Particle::Particle()
constructs an empty particle, i.e. where all properties have been set 0 or equivalent.

Particle::Particle(int id, int status = 0, int mother1 = 0, int mother2 = 0, int daughter1 = 0, int daughter2 = 0, int col = 0, int acol = 0, double px = 0., double py = 0., double pz = 0., double e = 0., double m = 0., double scale = 0., double pol = 9.)
constructs a particle with the input properties provided, and non-provided ones set 0 (9 for pol).

Particle::Particle(int id, int status, int mother1, int mother2, int daughter1, int daughter2, int col, int acol, Vec4 p, double m = 0., double scale = 0., double pol = 9.)
constructs a particle with the input properties provided, and non-provided ones set 0 (9 for pol).

Particle::Particle(const Particle& pt)
constructs an particle that is a copy of the input one.

Particle& Particle::operator=(const Particle& pt)
copies the input particle.

void Particle::setEvtPtr(Event* evtPtr)
sets the pointer to the Event object the particle belongs to. This method is automatically called when a particle is appended to an event record.
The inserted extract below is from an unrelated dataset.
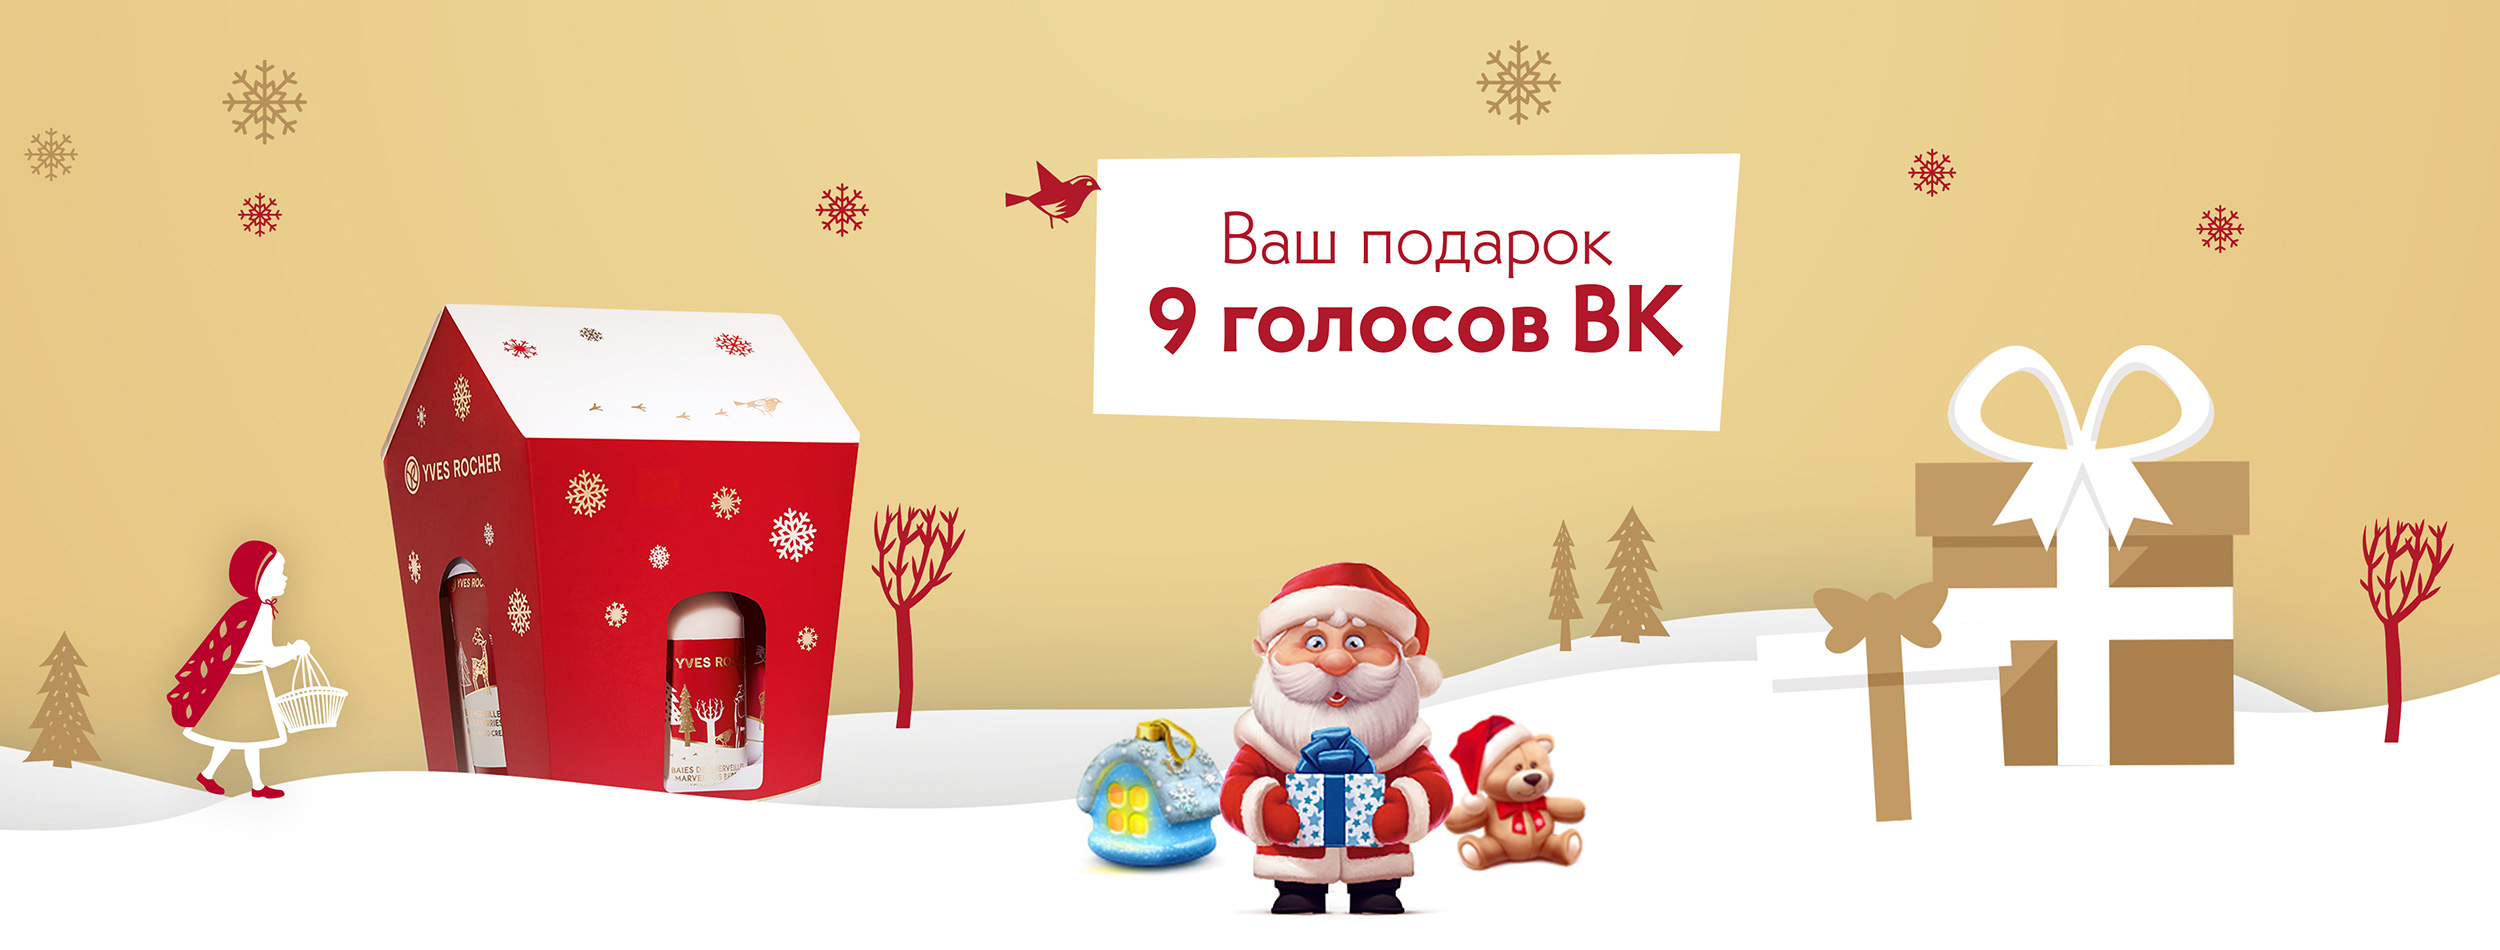 Bonus program VKontakte

Also calls setPDEPtr below.

void Particle::setPDEPtr(ParticleDataEntry* pdePtr = 0)
sets the pointer to the ParticleDataEntry object of the particle, based on its current id code. If the particle belongs to an event there is no need to provide the input argument. As explained above, a valid ParticleDataEntry pointer is needed for the methods that provide information generic to the particle species.